Was nu de tijd die zij daarin hebben doorgebracht, verloren en verdaan? Juist integendeel. Wij zien dat nagenoeg alle schrijvers hun ganse leven lang juist uit de ervaring, in dié tijd opgedaan, putten. De periode dat een schrijver niet bekend is, ja, zelfs nog in het geheel niet schrijft, en sterker: aan die bezigheid zelfs niet denkt, dát is zijn kostbaarste tijd. Zodra gij ‘schrijver’ zijt, is het uit met uw onbekommerdheid. Uw blik rust niet meer gedachteloos op de wereld, ge dwaalt niet meer verdroomd door de straten des levens, de dingen vallen niet meer door uw ogen in uw ziel, maar gij observeert, gij kijkt, en dat is niet de manier om de dingen te zien. Om waarlijk te zien is een zekere gedachteloosheid nodig. De beelden uit uw kinderjaren zijn daarom het scherpst omdat uw blik toen zonder baatzucht was. En daarom is voor u, als ge ouder wordt, de positie van de onopvallende burger de beste observatiepost voor het leven.

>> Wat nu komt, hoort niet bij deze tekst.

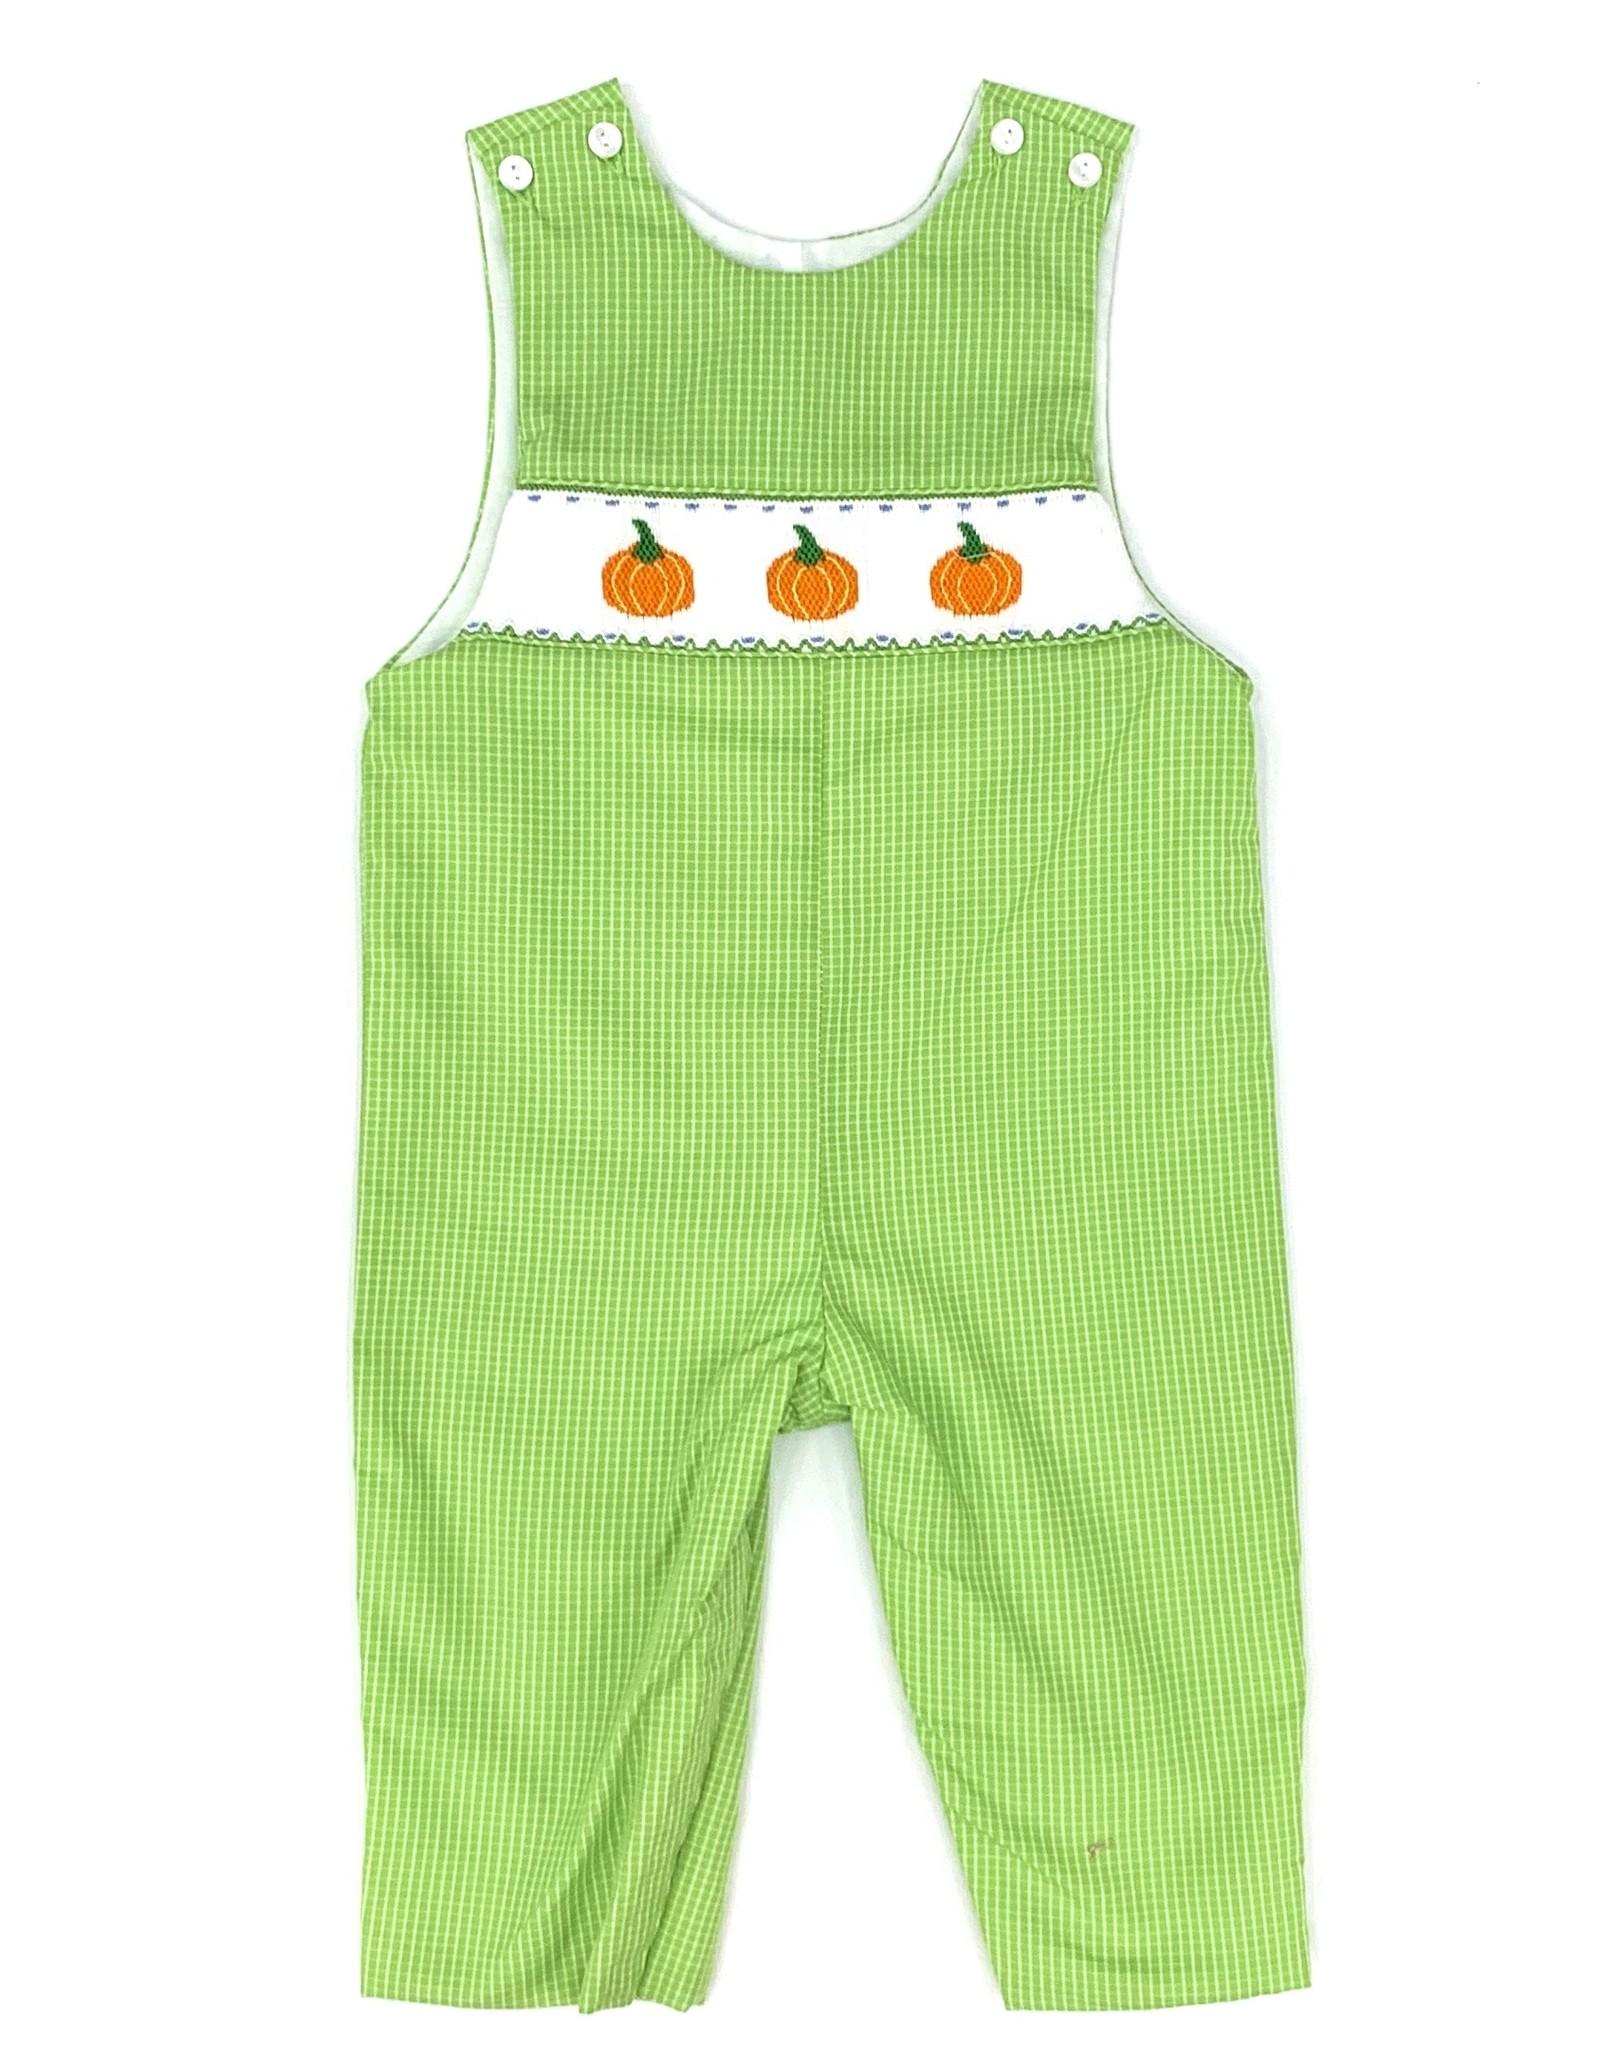 Petit Bebe Lime Green Boy's Pumpkin Jon Jon

Bekommer u dus niet om de vraag, hoe ge schrijver moet worden. Ga naar huis en denk er niet meer aan. Als gij daartoe geroepen zijt, zult ge die stem te zijner tijd horen. Delf in het leven, waar ge staat. Want waar ge staat, daar is het leven. Het is niet elders. Leef in vrede met uw omgeving, zonder verbittering. Uw omgeving is de aarde, waarin uw kleine zaad uit Gods hand gevallen is. Daar moet gij wassen, groot worden en bloeien. Forceer die bloei niet. Denk niet aan de vruchten. Tracht zo volledig mogelijk te zijn, wat ge zijt. Dan eerst zult ge ten volle worden wat ge zozeer begeert. Houd van de mensen en heb de dingen lief. Observeer ze niet. Als ge ooit schrijver wordt, weet dan dat de tijd waarin ge nu leeft uw kostbaarste is. Later zult ge beroemd of miskend zijn. Geen van beide is het leven. Het leven is nu, nu ge noch het een, noch het ander, maar uzelf zijt.